Pain assessment in sheep remains inherently challenging due to their prey-species behaviour and their tendency to mask clinical signs of discomfort. Recent literature highlights persistent gaps and opportunities in ovine pain management strategies [
34]. In the present study, respiratory rate appeared to correlate more closely with postoperative pain scores than other physiological variables, suggesting that it may represent a useful intraoperative indicator of nociceptive activation in this species.
The observed differences between treatment groups are consistent with the pharmacological properties of the two local anaesthetics evaluated. Lidocaine is characterized by a rapid onset and intermediate duration of action, whereas bupivacaine provides a longer-lasting sensory blockade due to its higher lipid solubility and protein binding [
35]. Previous pharmacological studies have highlighted the advantages of longer-acting local anaesthetics when sustained postoperative analgesia is required [
35].
Some limitations of the present study should be acknowledged. Both local anaesthetics were administered at an equal mg/kg dose despite known differences in their pharmacological potency. This approach may have favoured the longer-acting agent (bupivacaine) and should therefore be considered when interpreting the comparative analgesic effects observed. Future studies may benefit from dose-adjusted comparisons or pharmacodynamic evaluations designed to more precisely account for potency differences between local anaesthetics.

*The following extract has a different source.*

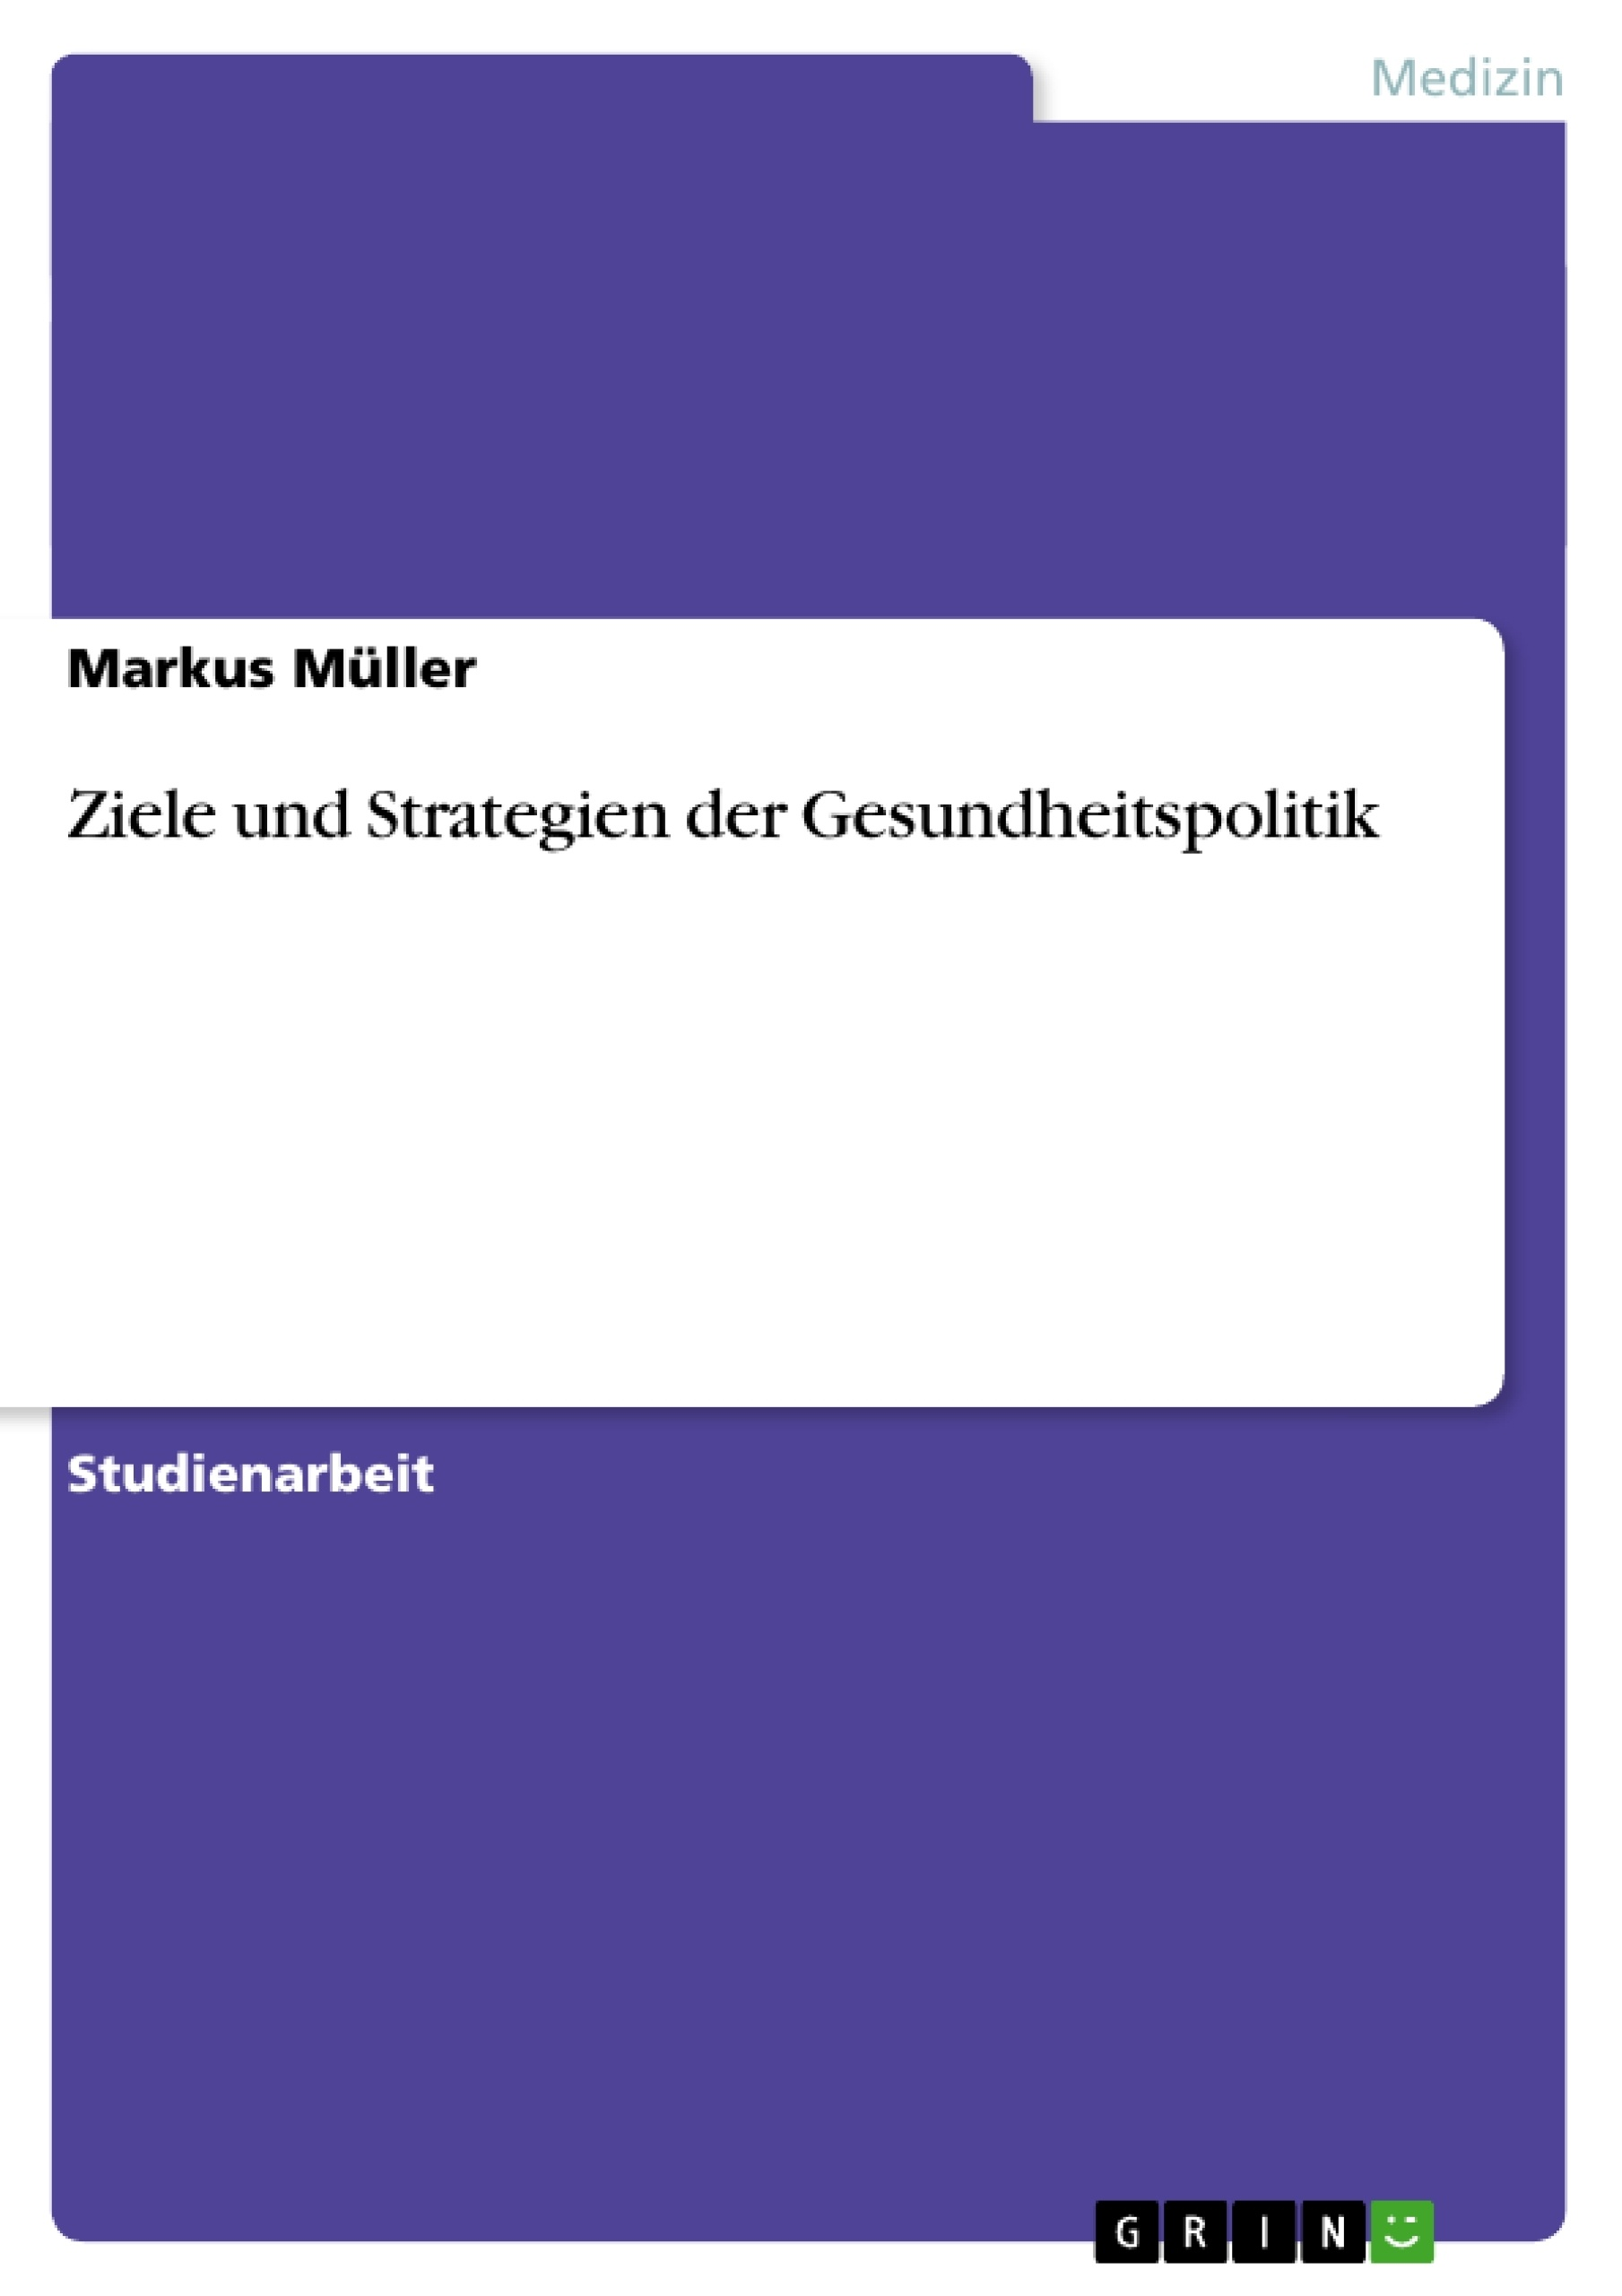 Titel: Ziele und Strategien der Gesundheitspolitik

Another limitation is the relatively small sample size, which reflects the ethical and logistical constraints inherent to experimental studies involving large-animal surgical models. Such limitations may reduce statistical power and the ability to detect more subtle differences between treatment groups. SpO2 provides only a limited assessment of oxygenation, particularly under oxygen supplementation, and arterial blood gas analysis would have provided a more precise evaluation. This represents another limitation of the present study.

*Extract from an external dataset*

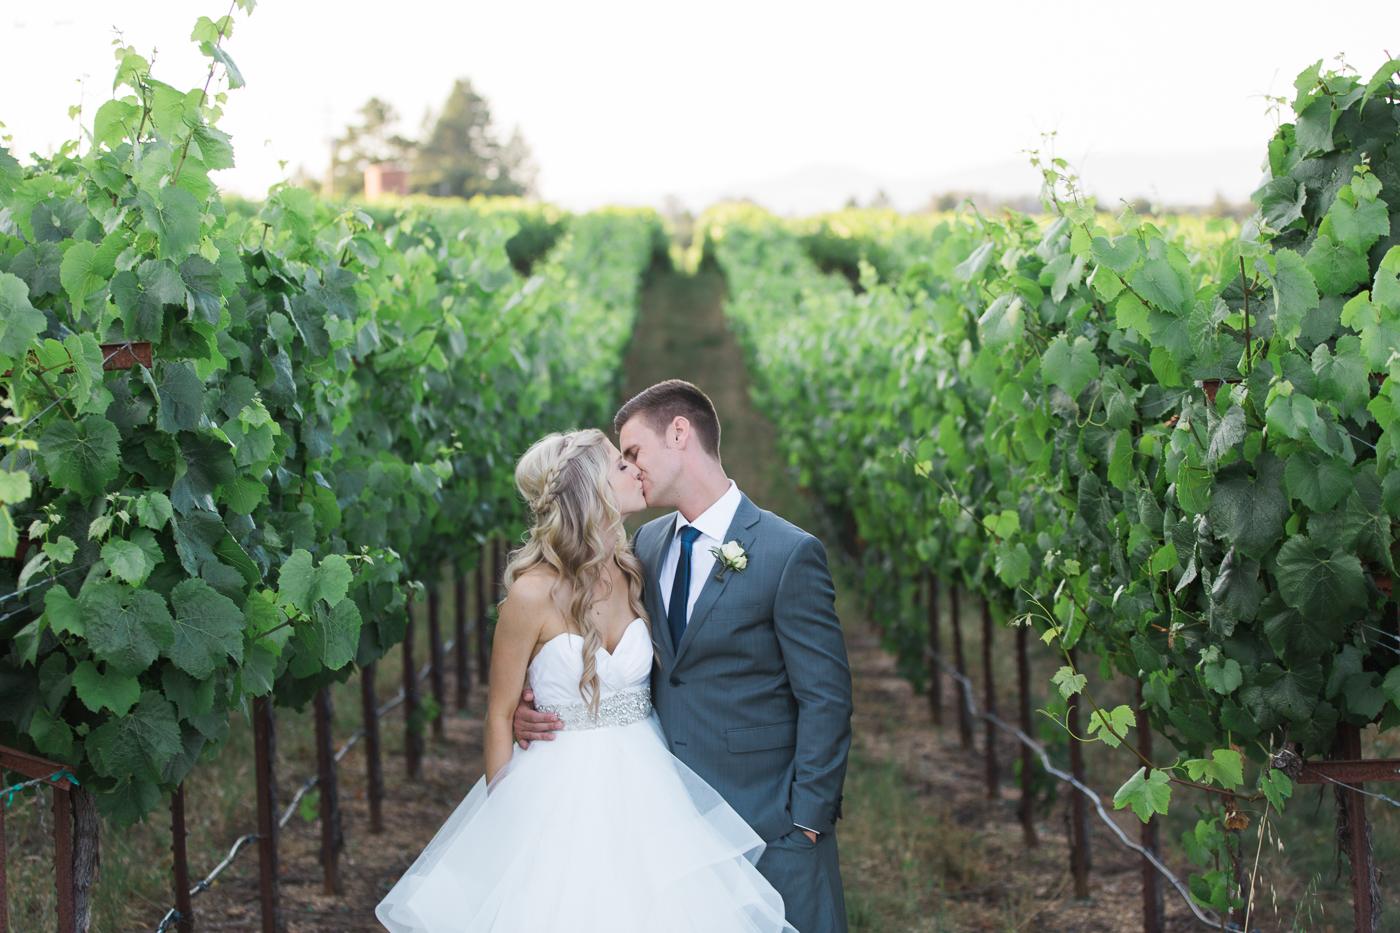 VINE_HILL_HOUSE_WEDDING_SEBASTOPOL-115.jpg

In addition, postoperative pain assessment was limited to the early recovery period, and longer follow-up evaluations could provide further insight into the duration of analgesic effects and the potential development of delayed postoperative pain.
The implementation of ultrasound-guided sciatic and saphenous nerve blocks, therefore, represents both an ethical refinement aligned with the principles of the 3Rs and a methodological strategy to enhance experimental reproducibility. The integration of locoregional anaesthetic techniques into multimodal anaesthetic protocols may contribute not only to improved perioperative analgesia and animal welfare but also to the overall reliability of experimental orthopaedic research.
5. Conclusions
Ultrasound-guided combined sciatic and saphenous nerve blocks were associated with improved postoperative analgesia in Hair Canarian Sheep undergoing invasive orthopaedic hindlimb surgery. Intraoperatively, a significant effect between treatment groups was observed only for respiratory rate, with lower values in animals receiving bupivacaine.

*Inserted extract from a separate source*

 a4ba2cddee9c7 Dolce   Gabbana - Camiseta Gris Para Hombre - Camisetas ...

The use of bupivacaine was associated with lower respiratory rates during anaesthesia and reduced postoperative pain scores, suggesting a potential benefit in perioperative analgesia. In contrast, lidocaine provided limited intraoperative and postoperative advantages compared with the control group.
These findings support the use of long-acting local anaesthetics as part of multimodal anaesthetic protocols in sheep, contributing to improved postoperative analgesia and refinement of experimental orthopaedic models.